2. Should ``selling'' and ``marketing'' be separately defined and
how should they be defined?
3. What are the distinctive characteristics of selling and
marketing activities that can be used to assure that such activities
are properly segregated from other activities?
Part II
Homogeneity of Pools
A. Discussion
As mentioned previously, the CASB has emphasized the need for and
the importance of grouping indirect costs into logical and homogeneous
pools. The literature also indicates the general weight of opinion that
homogeneity of indirect cost pools should be achieved by establishing
separate pools, rather than a single pool for a ``blanket'' allocation.
CAS 9904.410 defines G&A as ``Any management, financial and other
expense which is incurred for the general management and administration
of the business unit as a whole. G&A expense does not include those
management expenses whose beneficial or causal relationship to cost
objectives can be more directly measured by a base other than a cost
input base representing the total activity of a business unit during a
cost accounting period.''
In a recent decision, the ASBCA concluded that selling costs are
different from G&A expenses.

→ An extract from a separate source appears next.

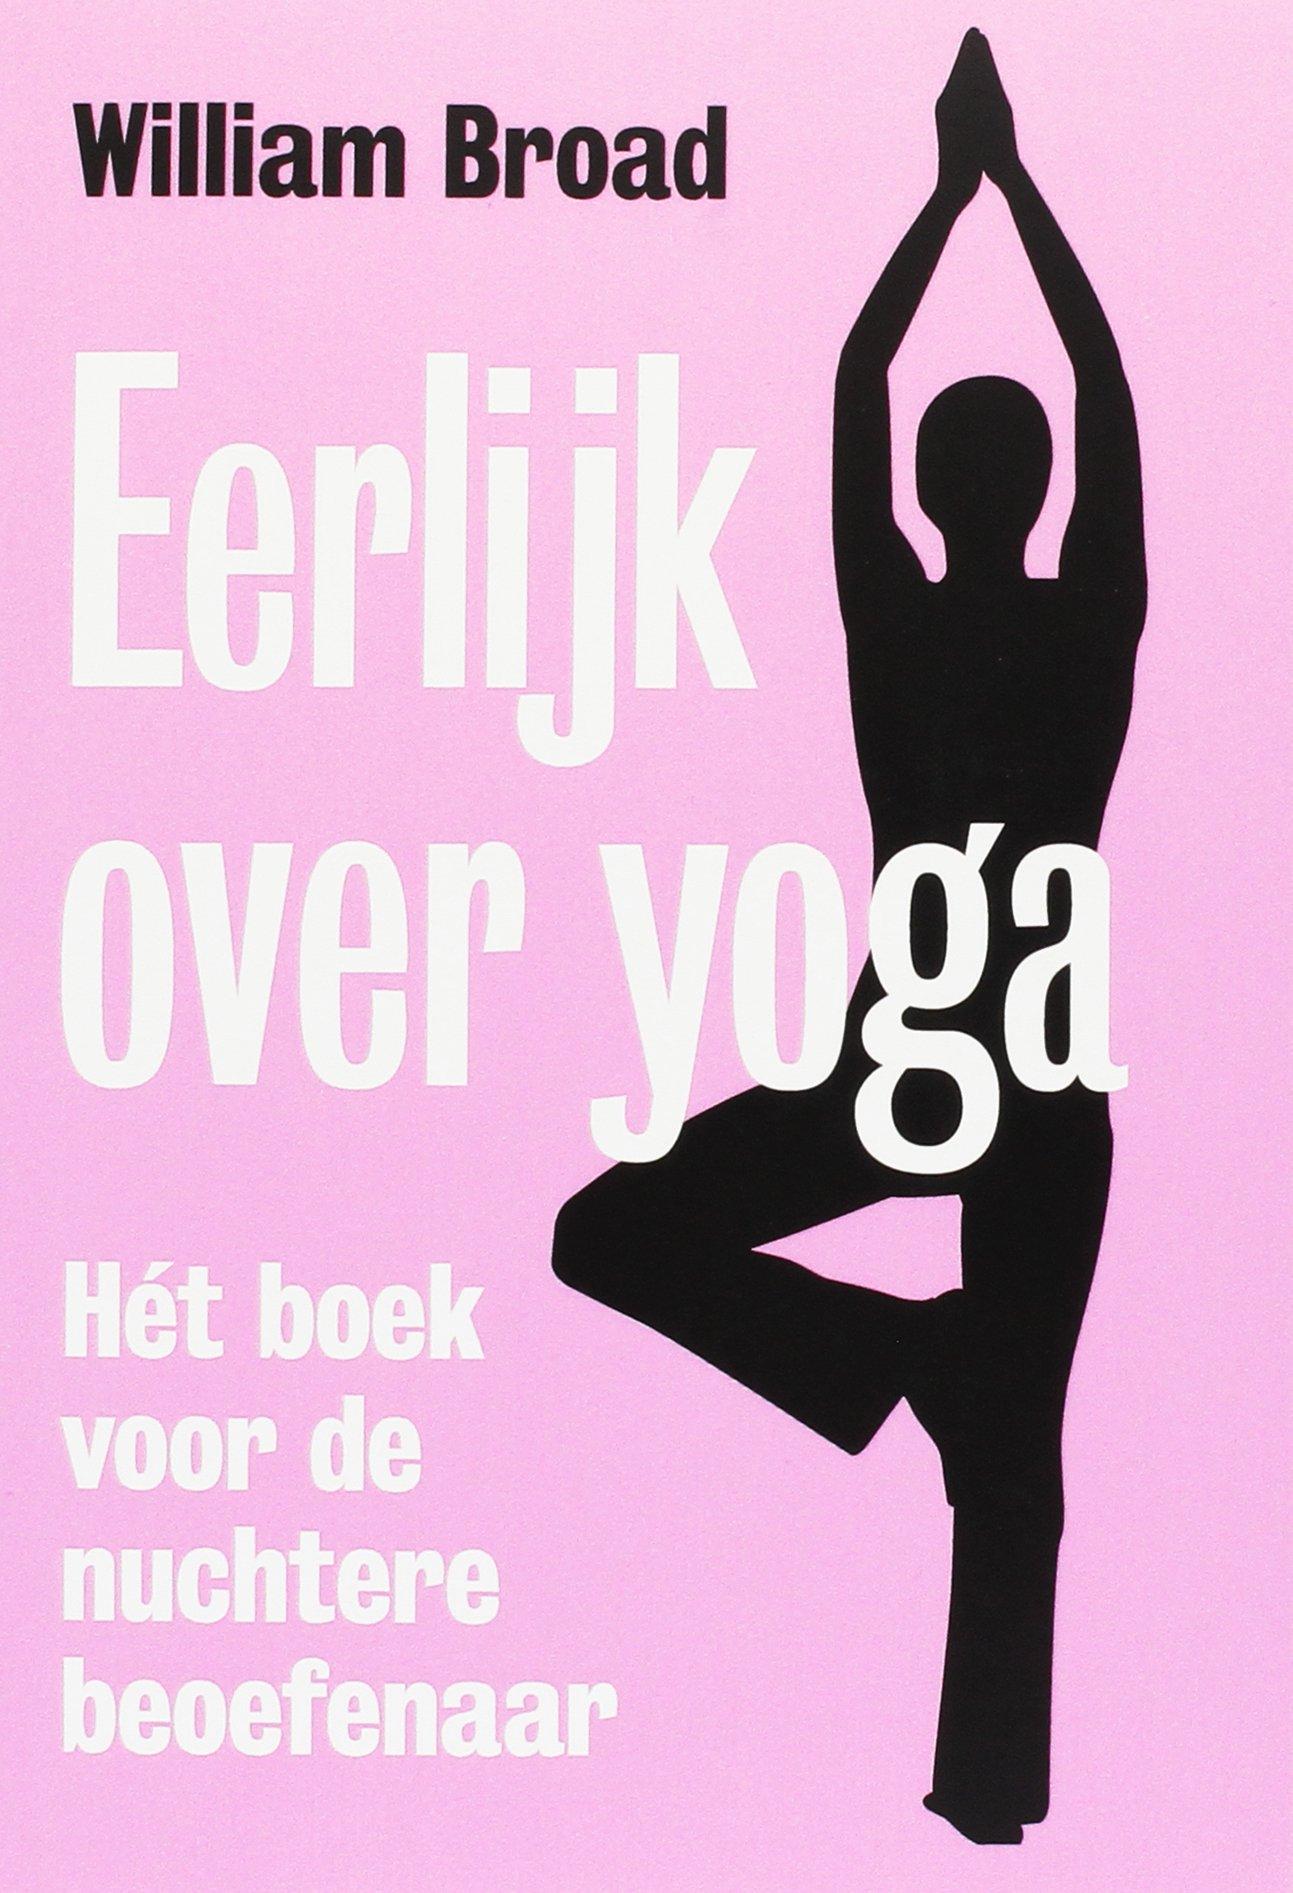 Eerlijk over yoga: het boek voor de nuchtere beoefenaar ...
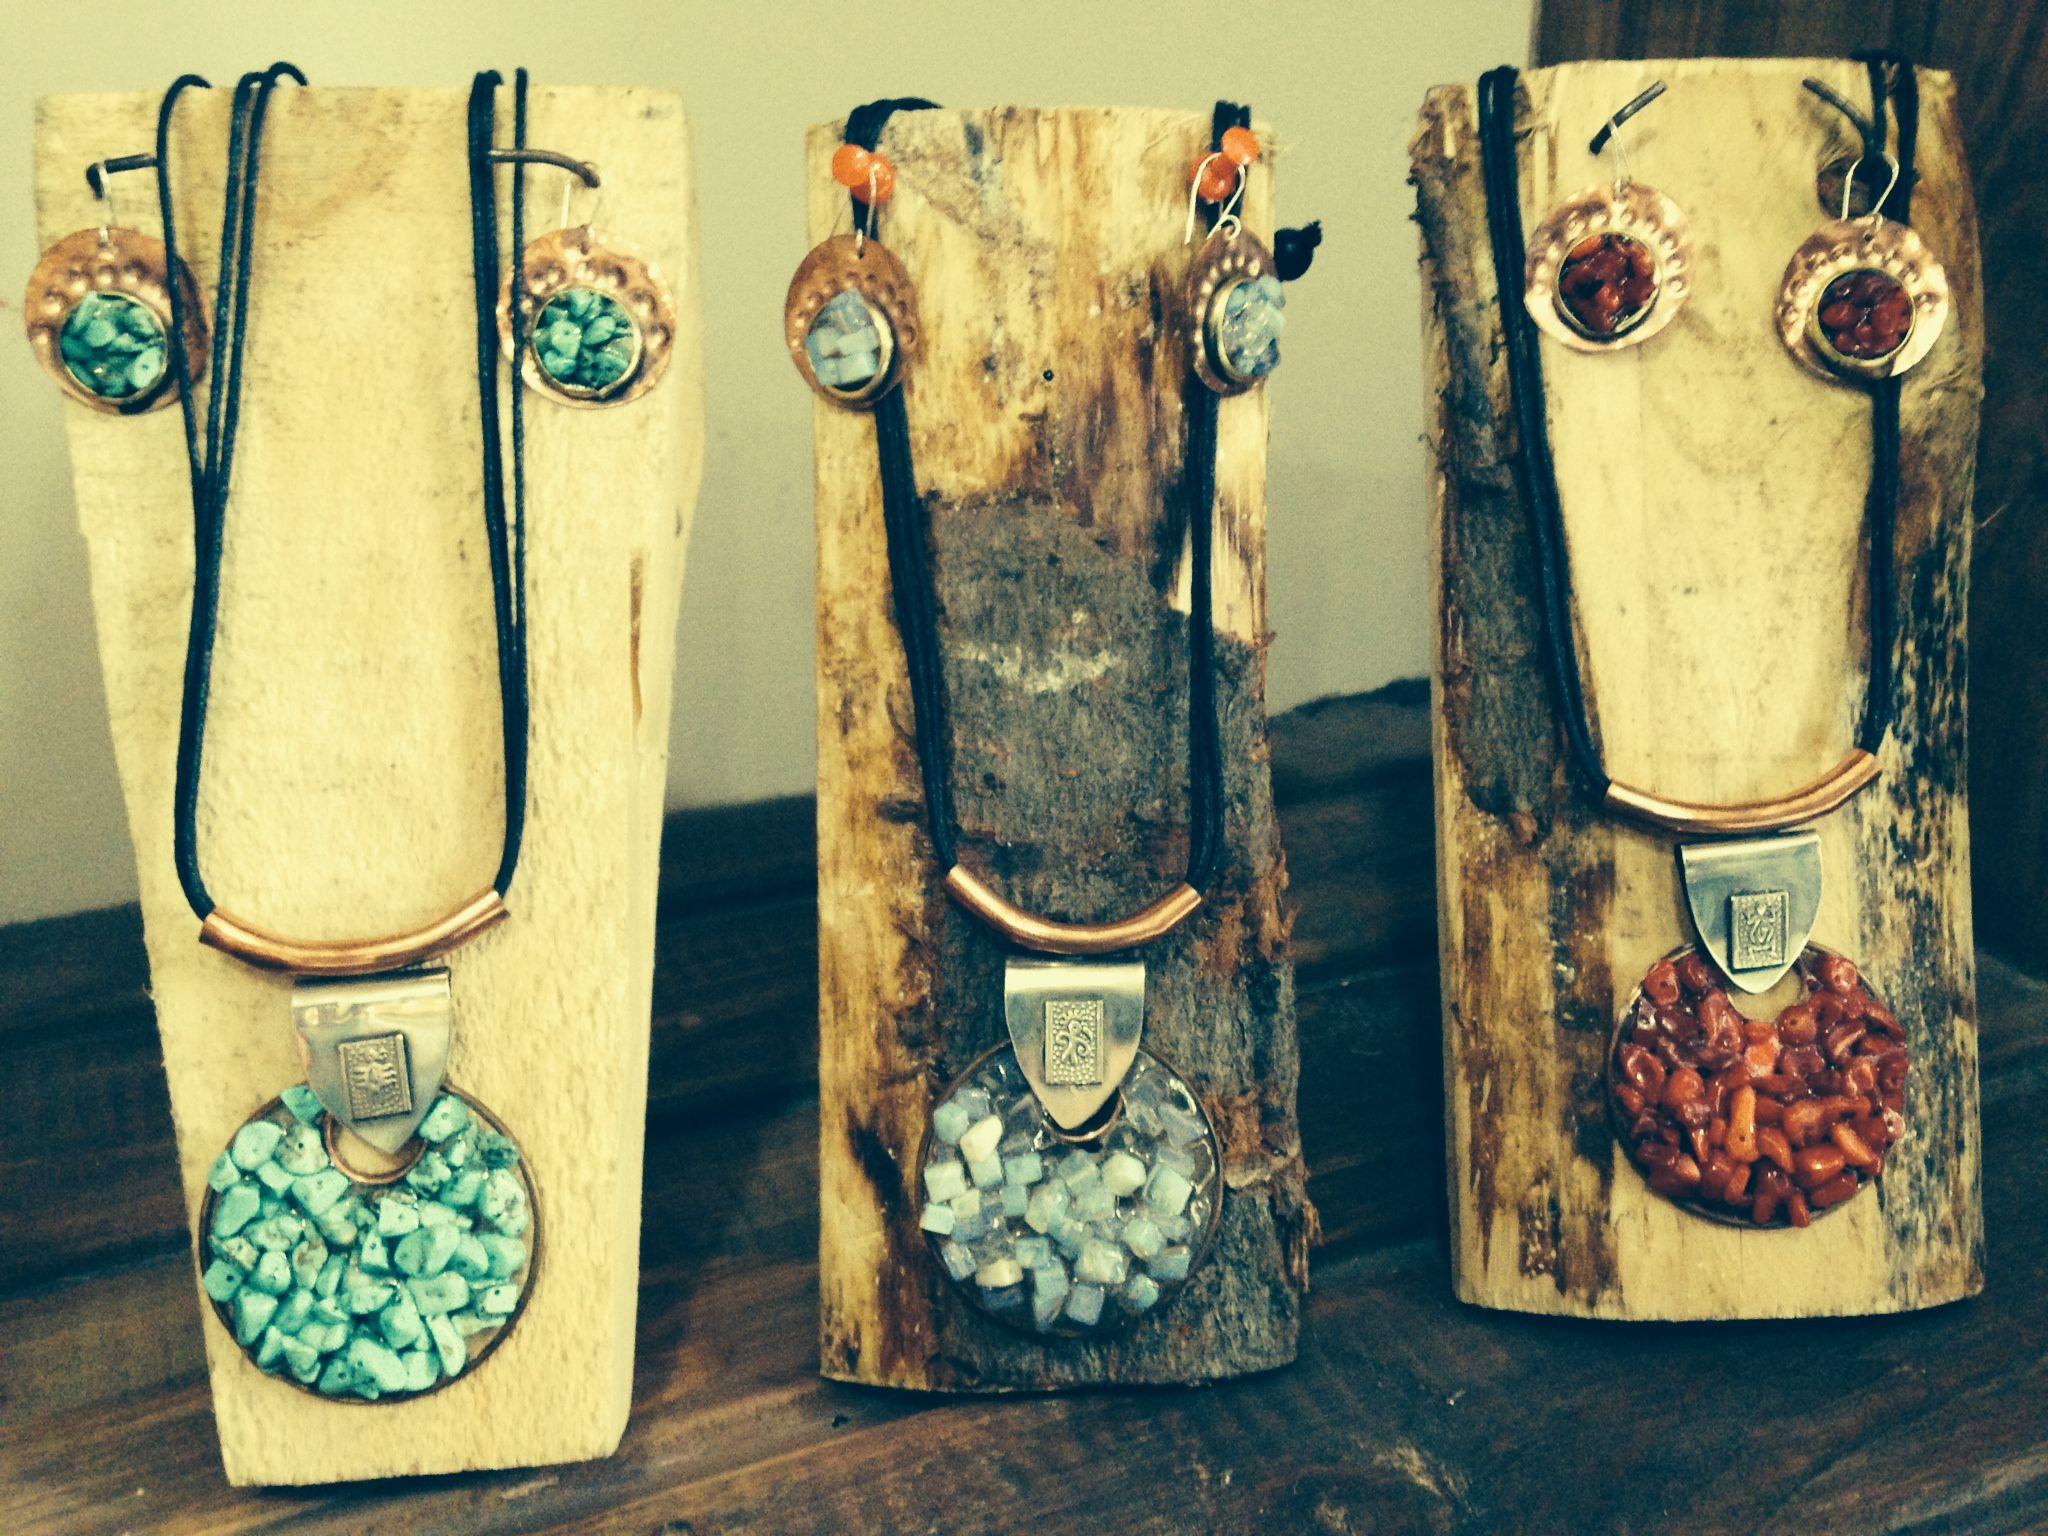 Nuevos accesorios para tu look. Mira estos hermosos conjuntos de collar + aros (tienen minerales como Agua Luna, Coral y Turquesa)

The ASBCA stated: CAS 410.30(6) defines
``General and Administrative (G&A) expense'' as an expense incurred for
the general management and administration of the business as a whole.
Aydin acknowledges that its sales commission costs were essentially
selling costs. In this case, the Solar II commission incurred was not
incurred for the management and administration of
[[Page 49354]]
Aydin as a whole * * * We conclude, therefore, that Aydin's sales
commission costs in general, and the Solar II sales commission in
particular, were not G&A expenses for purposes of CAS 410. See Aydin
Corp. (West), 94-2 BCA 26899.
The idea that selling and marketing costs are different from G&A
can be found in accounting literature. Kholer, for example, expresses
this idea by defining ``administrative expense'' as ``A classification
of expense incurred in the general direction of an enterprise as a
whole, as contrasted with expense of a more specific function, such as
manufacturing or selling * * *'' (underscoring added). In a similar
vein, the IMA distinguishes selling and marketing costs from G&A by
defining G&A as costs of ``* * * president's office, treasurer's office
[and] controller's office.''
The idea of establishing homogeneous indirect cost pools is
expressed in CAS 9904.418-40(b) and 50(b)(1). CAS 9904.418-40(b)
states:
Indirect costs shall be accumulated in indirect pools which are
homogenous.
CAS 9904.418-50(b)(1) states:
An indirect cost pool is homogenous if each significant activity
whose costs are included therein has the same or a similar
beneficial or causal relationship to cost objectives as the other
activities whose costs are included in the cost pool. It is also
homogenous if the allocation of the costs of the activities included
in the cost pool result in an allocation to cost objectives which is
not materially different from the allocation that would result if
the costs of the activities were allocated separately.
The concept of homogenous indirect cost pools is also discussed in
FAR 31.203(b) as ``Indirect costs shall be accumulated by logical cost
groupings with due consideration of the reasons for incurring such
costs * * * Commonly, manufacturing overhead, selling expenses and
general and administrative expenses are separately grouped.'' In
practice, however, only some contractors have established a separate
pool of selling and marketing costs. Discussions with some contractors
disclosed that selling and marketing costs are significant,
particularly when they are compared with G&A.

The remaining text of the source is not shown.